Honouring a Friend


Last December I lost a good and long-time friend, Mike Kuzyk. 2019 would have been 50 years since we met and became friends. Mike was a husband to his wife Sharon, a dad to three young men, Sam, Luke, and Jake. He came from a farm family and later became a farmer himself. Coming from rural Manitoba roots, he was, of course, a hockey player. He played hockey most of his life. 

Many people in the Winnipeg area knew him as a builder and contractor. He ran Sparkus Construction, named after a pet name he gave to his wife. Everyone who knew him, knew him to be an honest straight shooter. If he made a promise, his word was gold.

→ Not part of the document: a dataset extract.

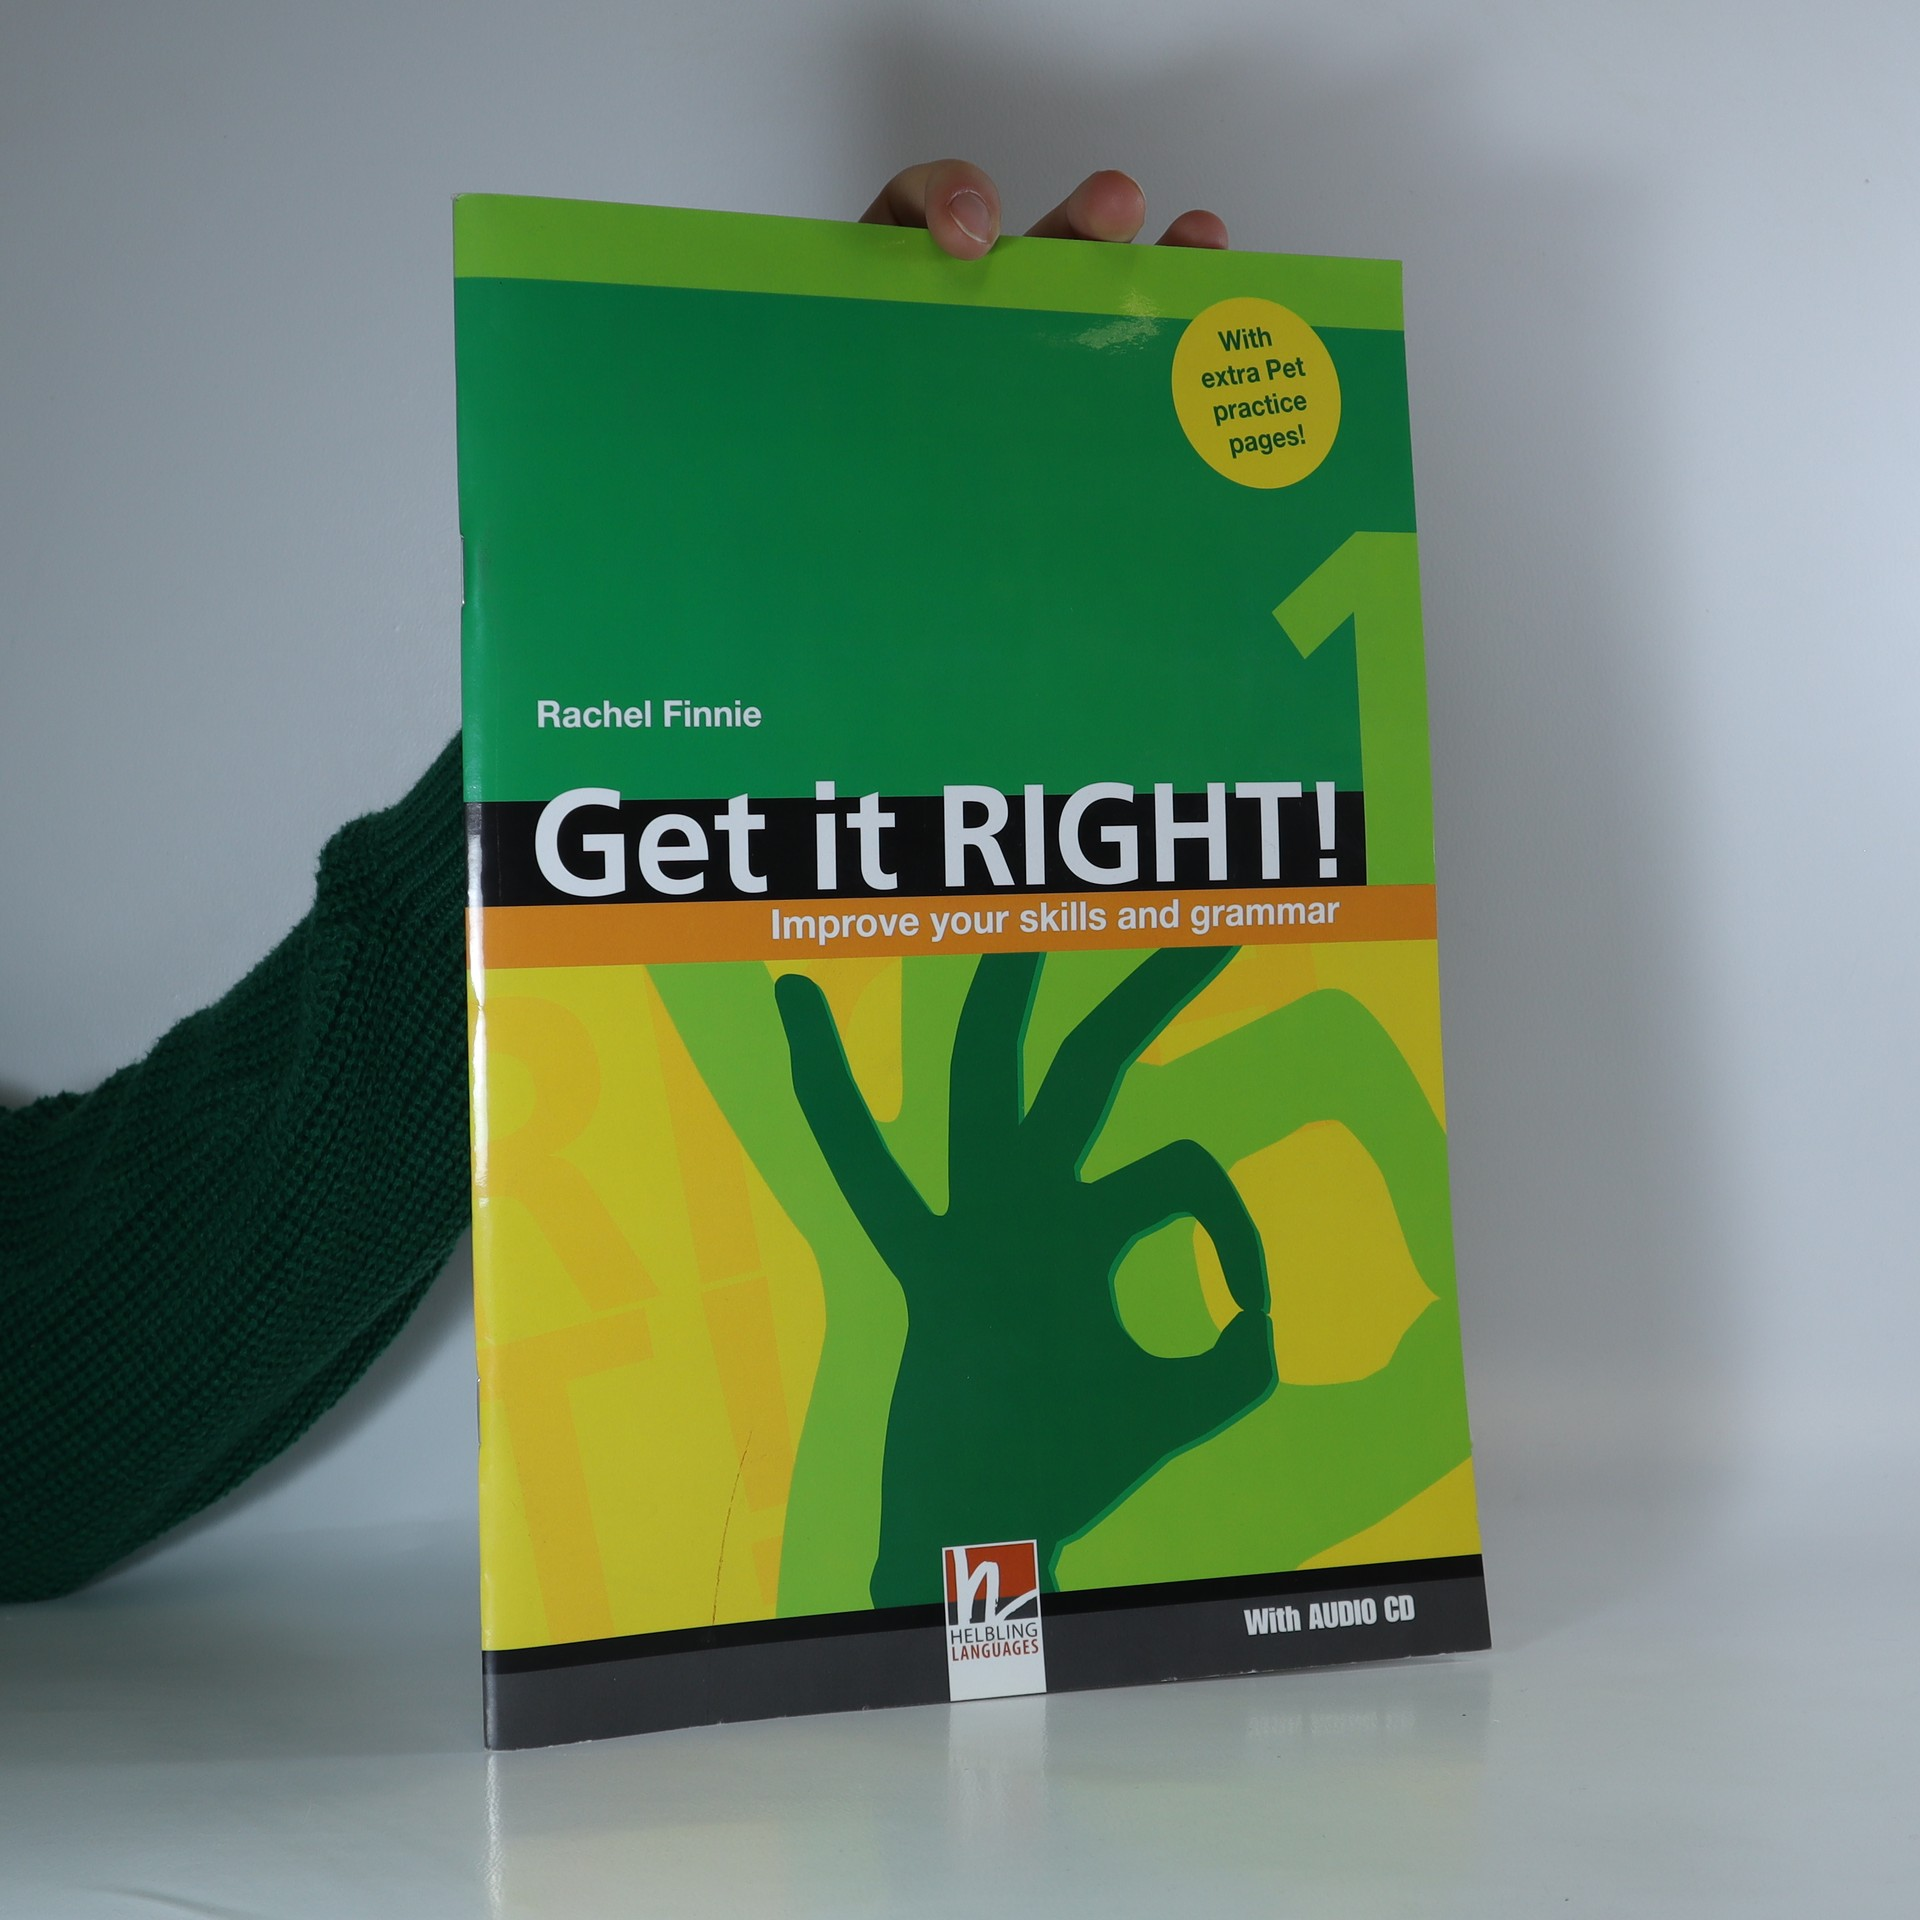 antikvární kniha Get it right! 1. Improve your skills and grammar, 2006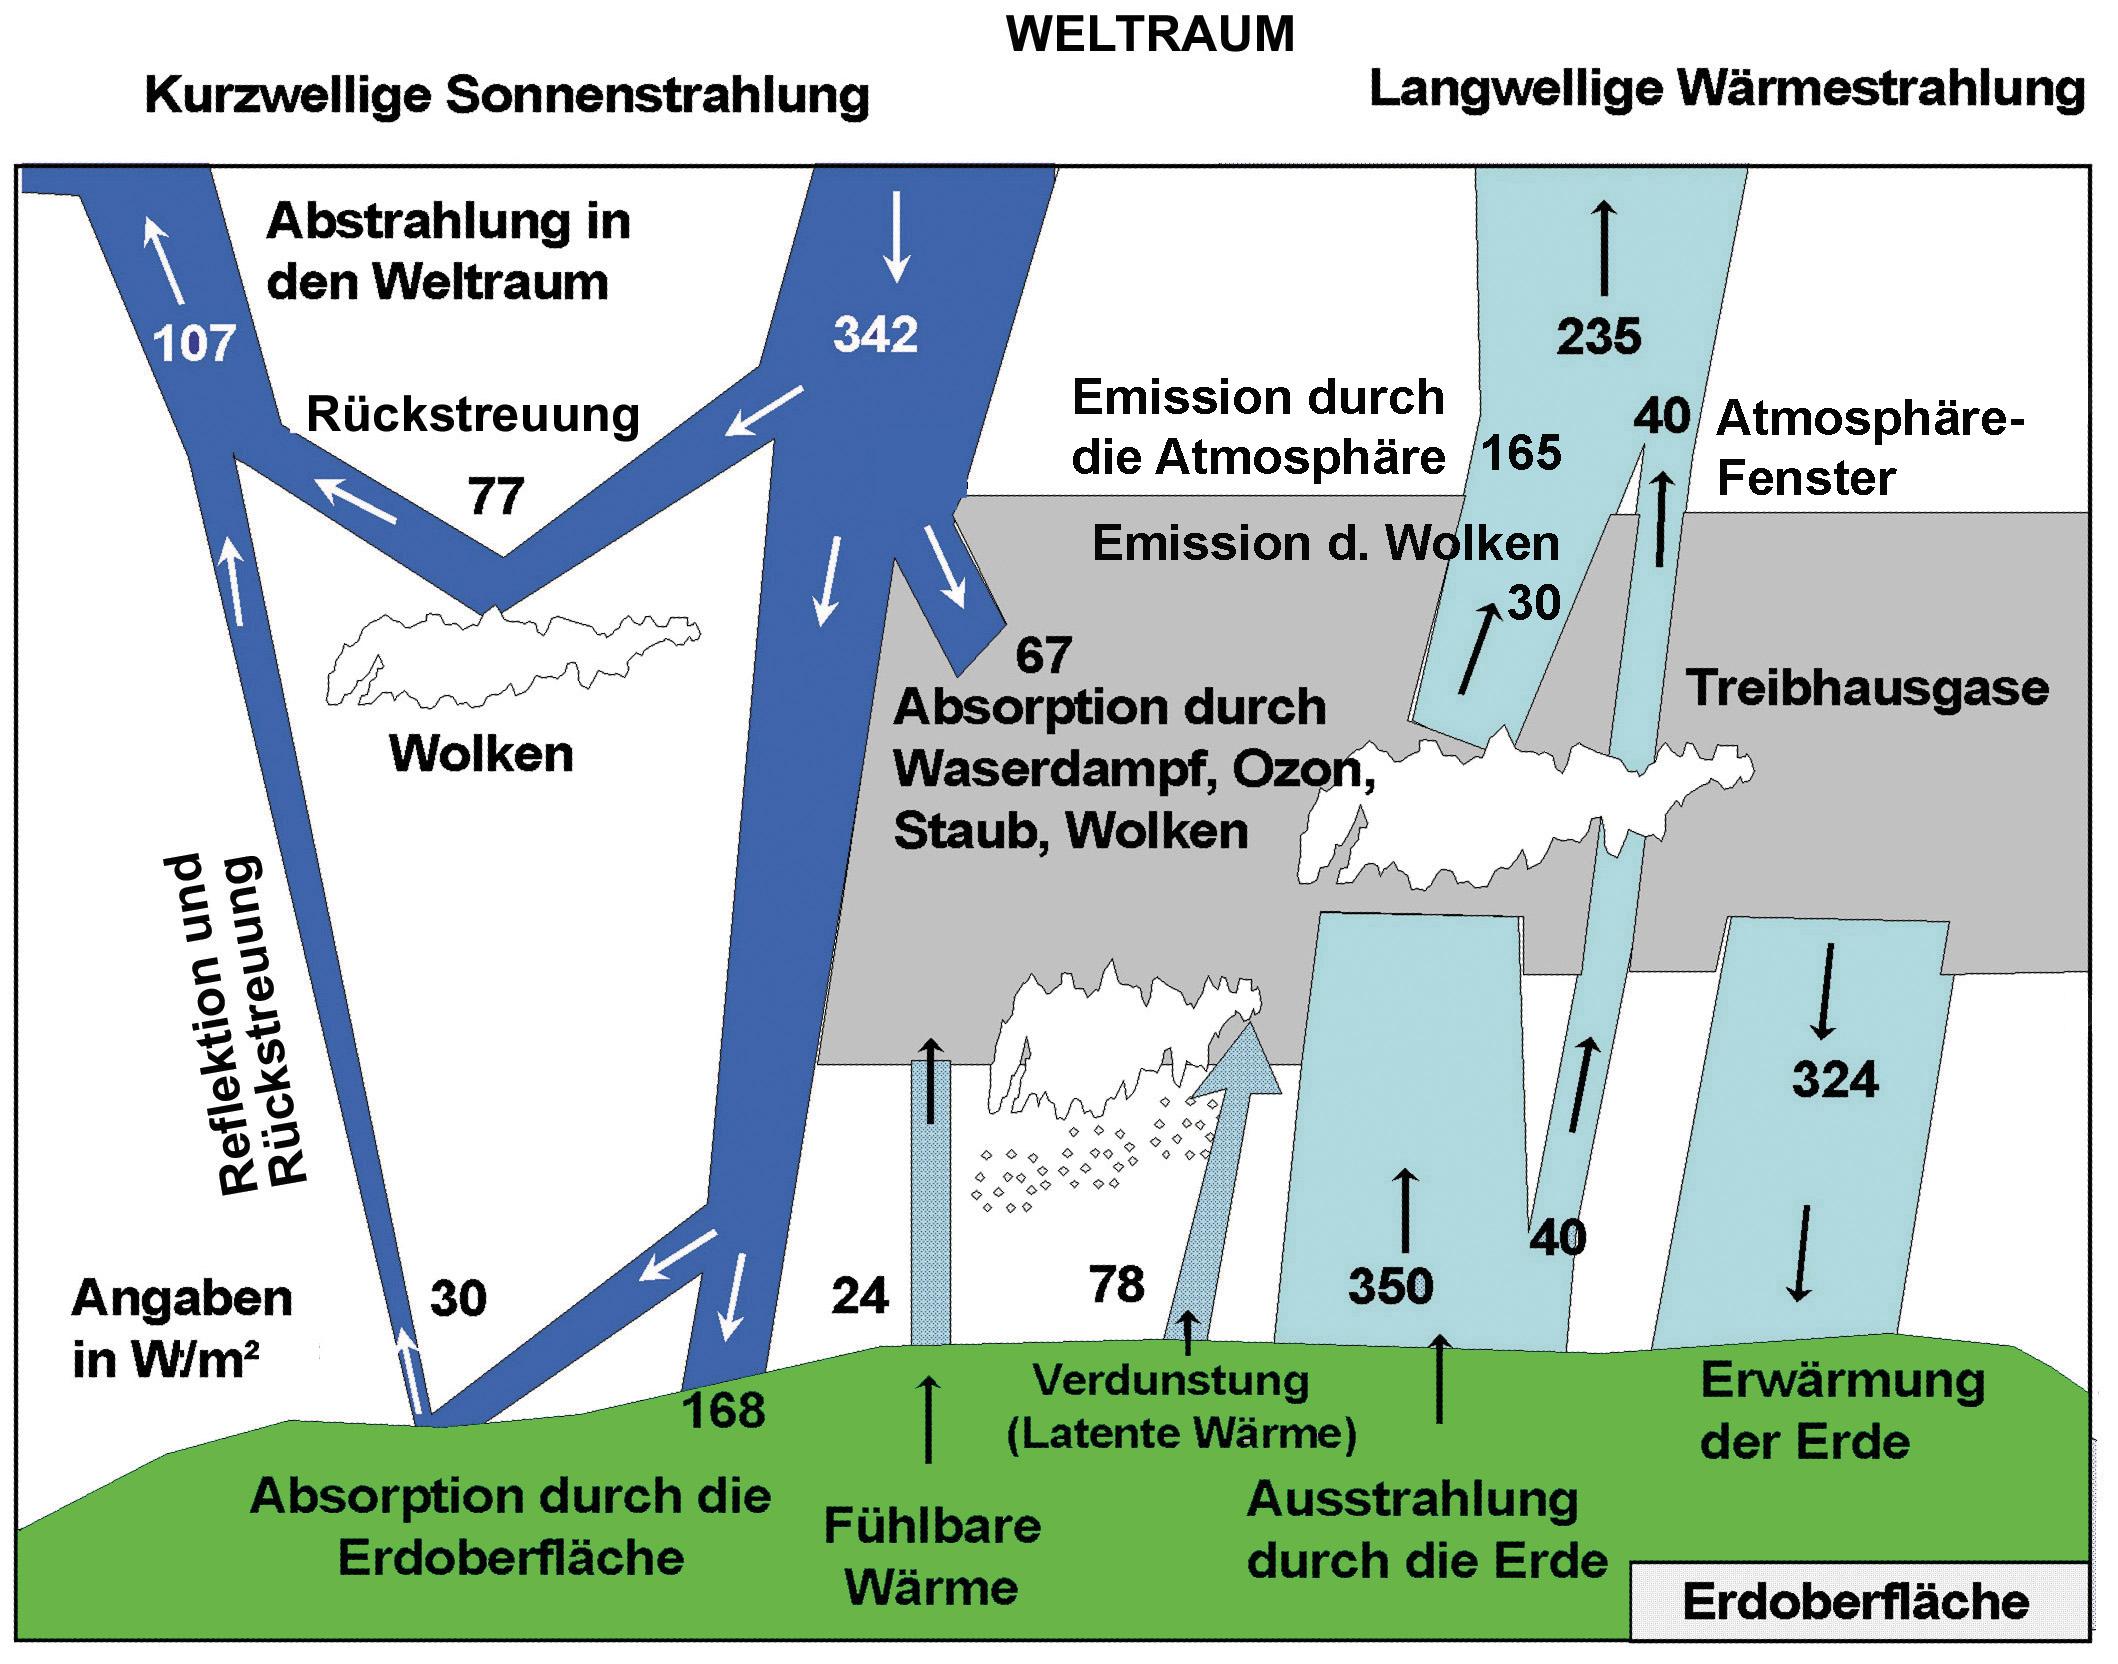 Globale Energiebilanz der Erde

Mike was a spiritual man. He grew up a strong Ukrainian Catholic, and he remained so to the end. He assisted at his home parish in Cooks Creek, Manitoba, and was a right hand man to the pastor, working and helping wherever he could in the parish. His funeral was at Immaculate Conception Parish in Cooks Creek, where he dedicated a lot of his spare time.

There was a period in his life between farming and construction where Mike was known as the banjo player in a bluegrass country band called the Double Eagle Band. Music was a part of his life as long as we’d known each other. We both sang in the school choir at St. Vladimir’s College in Roblin, Manitoba where we first became friends. 

After high school, we both sang with a Ukrainian male choir that started out as the alumni choir from St. Vlad’s. That choir became the Hoosli Ukrainian Male Chorus. This is the group that routinely blows the roof off Bell MTS Place singing the anthems before Winnipeg Jets hockey games.

When Mike was with the Double Eagle Band, they performed Glory Train, a bluegrass gospel song that he had written 40 years ago. When the band performed it, George Yourchek, who was also a high school buddy of ours, sang it. At Mike’s funeral, George gave a soulful rendition of the song in church at Mike’s wife’s request. Lyrically, the song was almost a reassurance from Mike himself that he was ok.

Since there was no recording of George’s rendition at the funeral, we wanted to honour our friend by producing a recording for Sharon and her family. We arranged to do the recording at the church where the funeral was held. I suggested that we make a small addition to the version that George did by adding Mike’s “voice “ – a banjo part. My brother Nestor, a five string player himself, agreed to play on the session. He made a suggestion of his own. To close the circle, he suggested that he play Mike’s banjo, which Sharon readily supplied. Most of the session was done in the church with a dobro part added later at my place.